Мой маневр почти удался, хоть и неожиданность, а японцы воевать умели, секунду всего промедлил стрелок. За эту секунду я уже почти вывел машину из сектора обстрела, когда по фюзеляжу гулко прокатилась очередь на оценку обстановки времени у меня не было, главное мотор тянет, машина управляема. Надо завершить задуманное, только эта мысль жгла мое сознание, сделав боевой разворот, я вышел на встречный курс.
Нет в воздушном бою более убийственной атаки, чем лобовая можно сказать про высшее напряжение всех сил о том, что ты и машина одно целое, и чувствуешь ее как живую. Да, можно. Но это только половина, другая половина, это твой крик, даже не крик, а
животный рев, так ослепленный ненавистью хищник, кидается на смертельного врага.
Или ты его, или он тебя. Да, я ревел как этот хищник, слышал этот свой рев, и от своего этого рыка, я уже знал ... Я победитель. И только Я.
Солнце, мой верный союзник, слепило им глаза, тонкая огненная струйка потянулась в мою сторону, заработал их курсовой пулемет. Мимо! Опять мимо! Я уже видел лица пилотов, видел, как они хотят жить. Жить?! Когда Хартли горел заживо, он тоже очень хотел жить, и кричал так же как вы сейчас. Нет, вы не будете жить. Я вам этого не разрешаю.
Я нажал гашетку, остатка боекомплекта хватило ровно на три секунды. Три секунды, много это или мало? Пустить росточек жизни, ощутить тепло материнских рук, первую любовь, очень мало, а лишить жизни, в самый раз. Им хватило этих трех секунд.
По инерции бомбардировщик еще какое-то время шел своим курсом, потом сорвался в отвесном пике, и уже из этого своего последнего пике не выше. Я проводил его в этом смертельном пике. Видел, как, разламываясь, он ударился о воду, и ушел в бесконечность. Все. Напряжение боя спало, теперь можно осмотреться и оценить обстановку. Первое что я увидел, за мной тянется шлейф, нет, не дыма, а что-то похожее на струю белого тумана взглянув на приборы, я понял, что это за туман. Топливо. Все-таки достал меня стрелок, стрелка расходомера стремительно уходила в красный сектор. Лишь на секунду я поднял голову посмотреть, где свои. Никого. В этой погоне я слишком удалился от места основной схватки. Прыгать с парашютом? Слишком низко. Набрать высоту? Я могу не успеть, не хватит топлива, лихорадочно я стал осматриваться по сторонам, что я искал, не знаю, но видимо есть что-то, что выше разума.
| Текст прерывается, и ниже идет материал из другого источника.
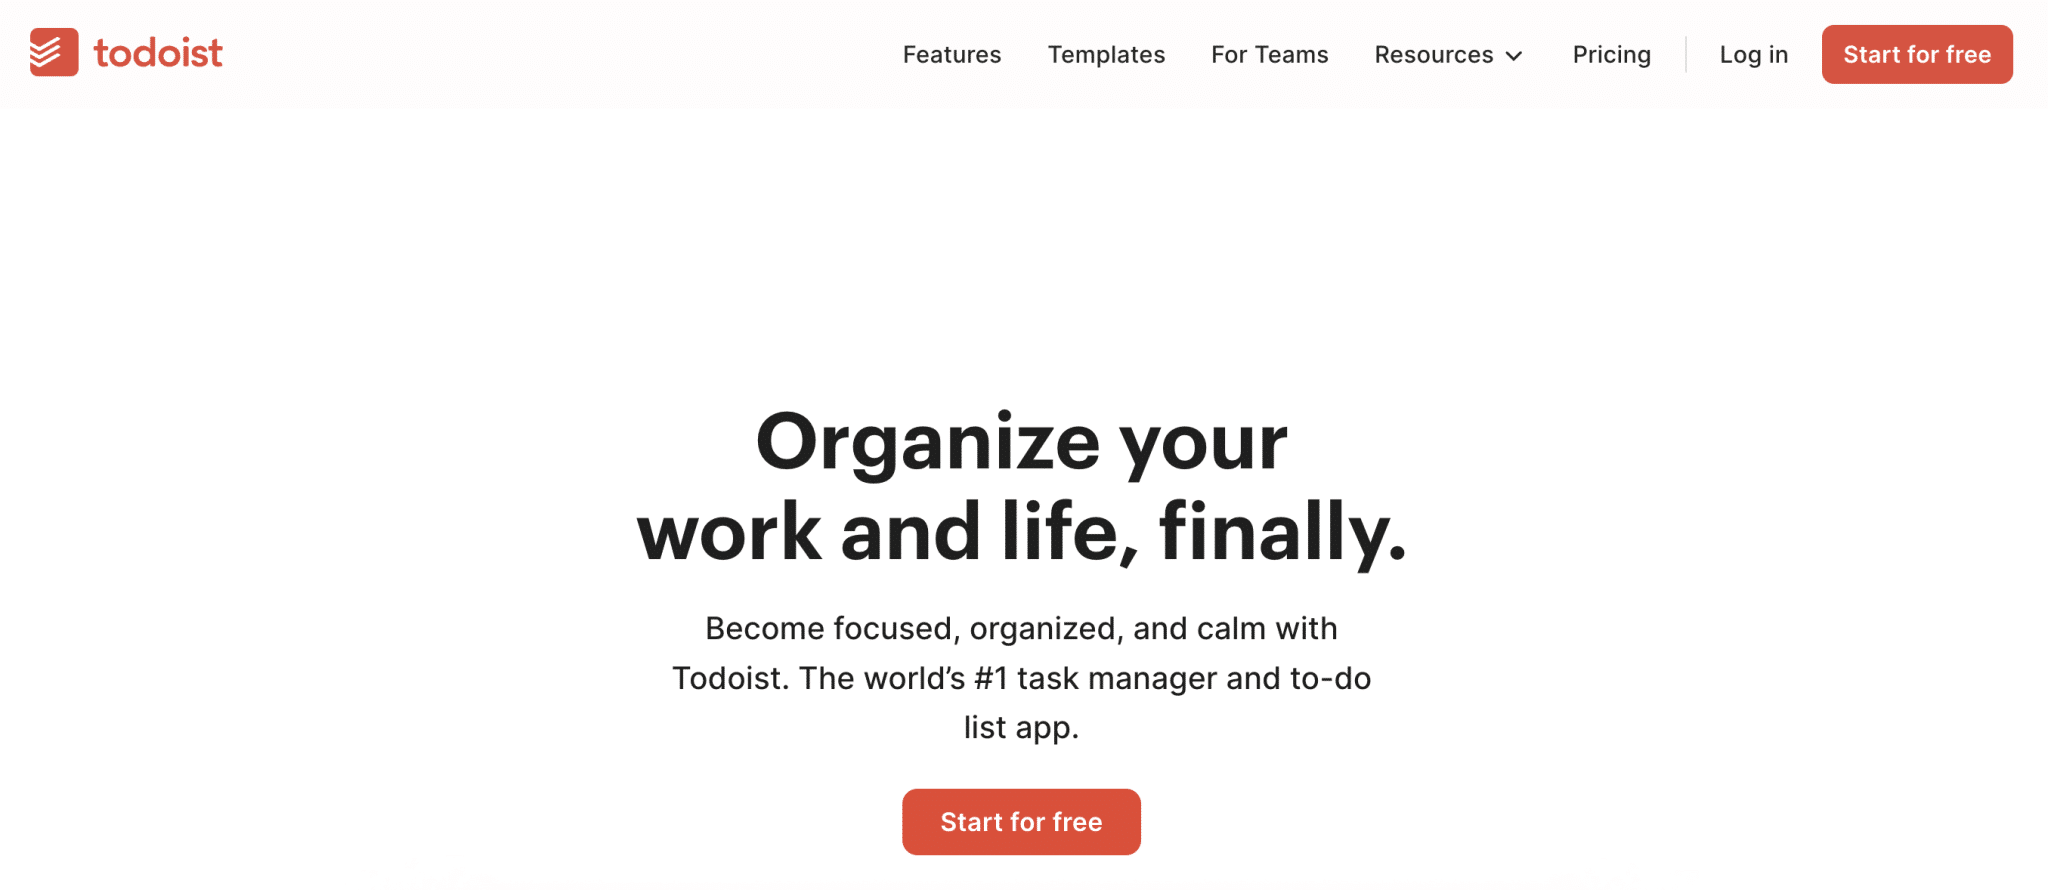 Todoist is a task management tool.

По правому борту я увидел крохотный островок, не раздумывая, я повернул машину, вправо сделав круг над островом, я принял решение, садится, выбрав ровную полосу песка, отшлифованную приливом, повел машину на посадку, лишь бы хватило топлива.
Остров.
Посадка на удивление прошла мягко, даже подумалось, как в летной школе, когда самолет докатился почти до конца полосы двигатель как в насмешку, чихнул два раза, и заглох. Откинув фонарь кабины, я услышал шум океана, и долго сидел не двигаясь, не чувствуя ничего, кроме смертельной усталости. Сколько я так просидел, не знаю, когда меня отпустило это каменное оцепенение, солнце уже садилось.
Я выбрался из кабины, отстегнув парашют, скинул его на песок, спрыгнул следом, желание было только одно. Спать. Подложив парашют под голову, я с наслаждением
вытянулся на мягком прибрежном песке, голова слегка кружилась, мерный шум океана
убаюкивал, я не уснул, я просто провалился в какую-то темноту, сном это назвать было трудно.
Проснулся я от жажды, солнце уже почти в зените, очень хотелось пить. Сколько же я проспал? Часов пятнадцать, семнадцать, не меньше, я достал из кабины фляжку с водой. Идиот! Надо было вчера закопать фляжку в песок, на солнце вода нагрелась так, будто
это горячий чай все равно я сделал несколько жадных глотков, хоть какое-то облегчение. Размером остров был примерно тысяча ярдов в длину и триста в ширину, по форме
напоминал плохо выпрямленный рогалик.
Это я разглядел еще вчера во время облета, и то, что островок безлюдный, тоже было понятно вчера надо как-то осваиваться, сколько я здесь пробуду, пока меня найдут.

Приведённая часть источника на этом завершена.